Saturday, December 24, 2011

A Ship (4 of 5?): Normal.

From the same, p. 174:

Though this last phase is also considered normal, society definitely neither advocates or condones it - in fact, scarcely acknowledges its existence. In this stage teh couple becomes disillusioned, bored, miserable, and ripe either for "breakup" or coma.

"Who said this progression is 'normal,' that this is the shape of love?" I asked myself. "And who decided what constitutes 'the real world'? The same guys who brought you Vietnam, Hustler, chicken factories, and an ozone layer that rivals swiss cheese," I replied...

. . .

Friday, December 23, 2011

A Ship (3 of 5?): Singleness.

From the same, pp. 145-147:

It seemed to me that women were nearly apologizing when they described themselves this way, as if being one-whole instead of one-half were not legitimate or healthy, but instead something one hoped soon to recover from. It was as if they were not really living but simply on hold until they plugged into someone else, became one-half of a couple, and turned on their lives again. I knew they would never think to call themselves "single" if they didn't accept coupledom as the natural and therefore more desirable state - a state I now dubbed "coupledumb."

We are taught to accept the menstream assumption that one-half is better than one-whole because two is necessary for oppression...

I think men took our worthy and natural desires and, in a truly diabolical way, turned them against us - making us, under threat of death, do to one another in the name of love what most of us would be too merciful to do to someone we hated.

It is phallocracy that insures our obedience by lying, "When you have a wonderful moment with someone, you must quickly capture and own her so that you can be assured of having more such moments. If you don't get possession of her, someone else will, and you will be left with no one to touch and hold and love you." It is the fathers who continue to misname these feelings of powerlessness, scarcity, and desperation "love".

Realizing this, coupling began to look not merely dumb but deadly: CoupleDoom.

. . .

Thursday, December 22, 2011

A Ship (2 of 5?): Marriages.

From the same, p. 122:

When I think about the hooplah over longevity of unions, all I have to do is look at my parents, at parents of friends, at high-school friends now thirty-five years married, to discover couples who, though they have stayed together because of legal, socially-demanded commitment, have been wretched with one another or numbed out for entire lifetimes. It's pretty discouraging to watch Lesbian and straight friends struggling to emulate that ghastly example.
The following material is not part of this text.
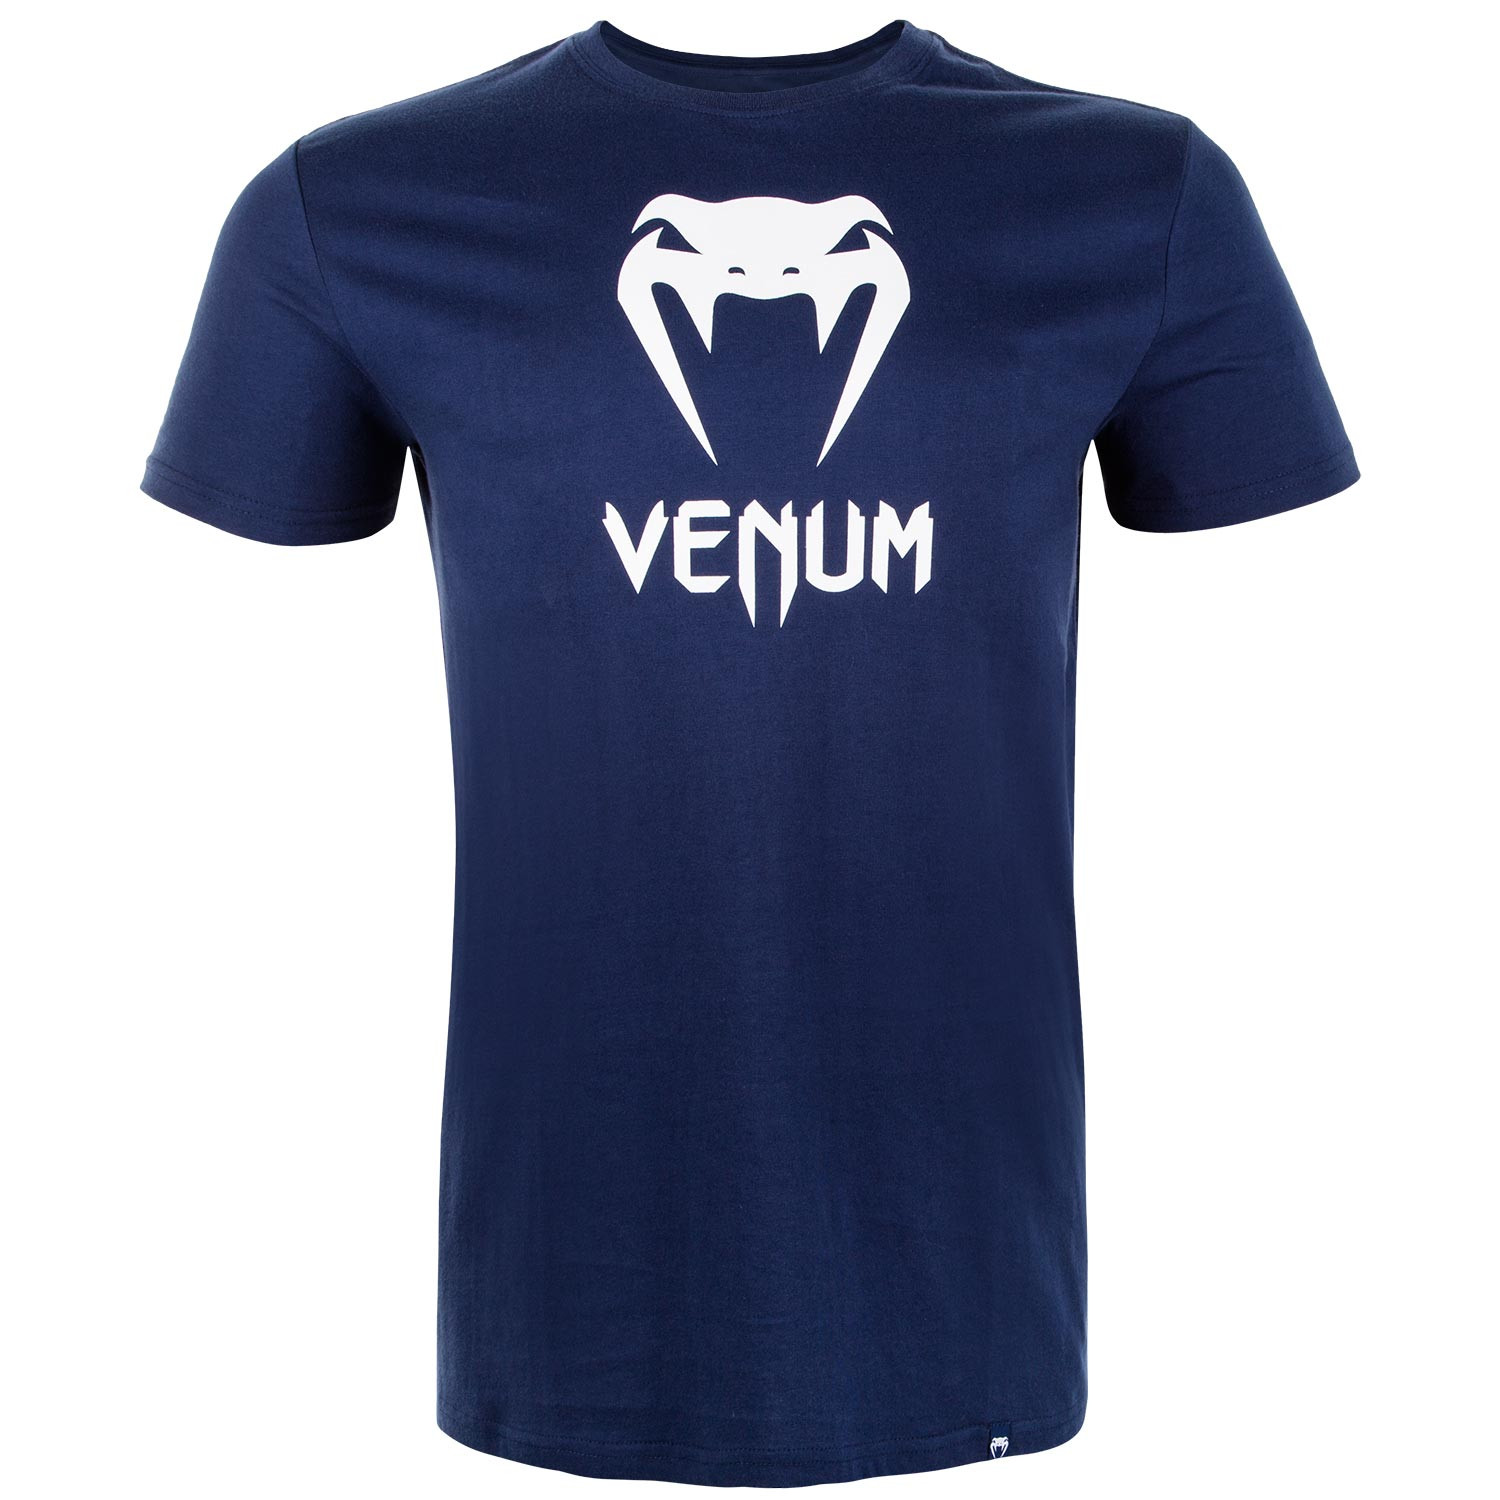 T-shirt Venum classic Bleu

I don't think they do it because they have seen so many wonderful marriages that they can't wait to follow suit. Denial and irrationality are classic evidence of brainwashing. Few, if any, discerning people have seen at close range many wonderful marriages - or at least marriages that *stayed* wonderful. You and I agree that what all of us have seen most often is loss of identity, dependency, eventual boredom, misery, dysfunction on all levels, disillusionment, betrayal, heartbreak, violence, and/or a deep, deadening despair that passes for contentment.

. . .

Wednesday, December 21, 2011

A Ship (1 of 5?): Parthenogenesis.

From (2nd-wave feminist) Sonia Johnson's "The Ship That Sailed Into the Living Room: Sex and Intimacy Reconsidered" (p. 97):

We [=women] not only have the unique power to create new human beings, but we have the power to create them ourselves without the assistance of men. Although knowledge that this is true is lost to conscious memory, I think that parthenogenesis still happens on occasion - by choice as well as by accident - and that we bore children parthenogenetically for hundreds of thousands of years at the beginning of human history... Men have always known that women do not need them for anything, and women have always known that men need them for everything.

. . .

Tuesday, December 20, 2011

Bracelet story (new details).

So, at the sex doc a few Tuesdays ago, the shortish bearded (white) guy who's a sub into BDSM went off on swingers again and how heteronormative they are, and he re-told his bracelet story:

At the swinger house party, people had different-colored bracelets, and the host was pressuring pretty much every woman to wear the color that signalled that they were bisexual.

Only, the BDSM guy went to ask, and no matter how much he pled, the host wouldn't give him one.

"I knew that no other guys would have one," he said, "But I wanted to wear one, as a statement."

Monday, December 19, 2011

An idea from a Latin student...

The lawyer who's learning Latin (who's a conservative Catholic) had an idea because of the discussion about the revision of the English translation of the Roman missal:

Each week in addition to what we're reading, he brings in a missal section and we work through it and produce a translation, and *then* after that look at the old and new translations.

How fun!

I told my mom and she loves the idea.

Sunday, December 18, 2011

I might have a new Latin student!!!

I got contacted through the online ad that I post -

The (white) guy is younger and works in an office on campus, and has always wanted to learn Latin.

It looks like after Christmas, I'll meet with him once a week for 30min. to correct his homework and answer any questions he might have.

The money isn't great (he can't pay my asking price), but it's fair and easy!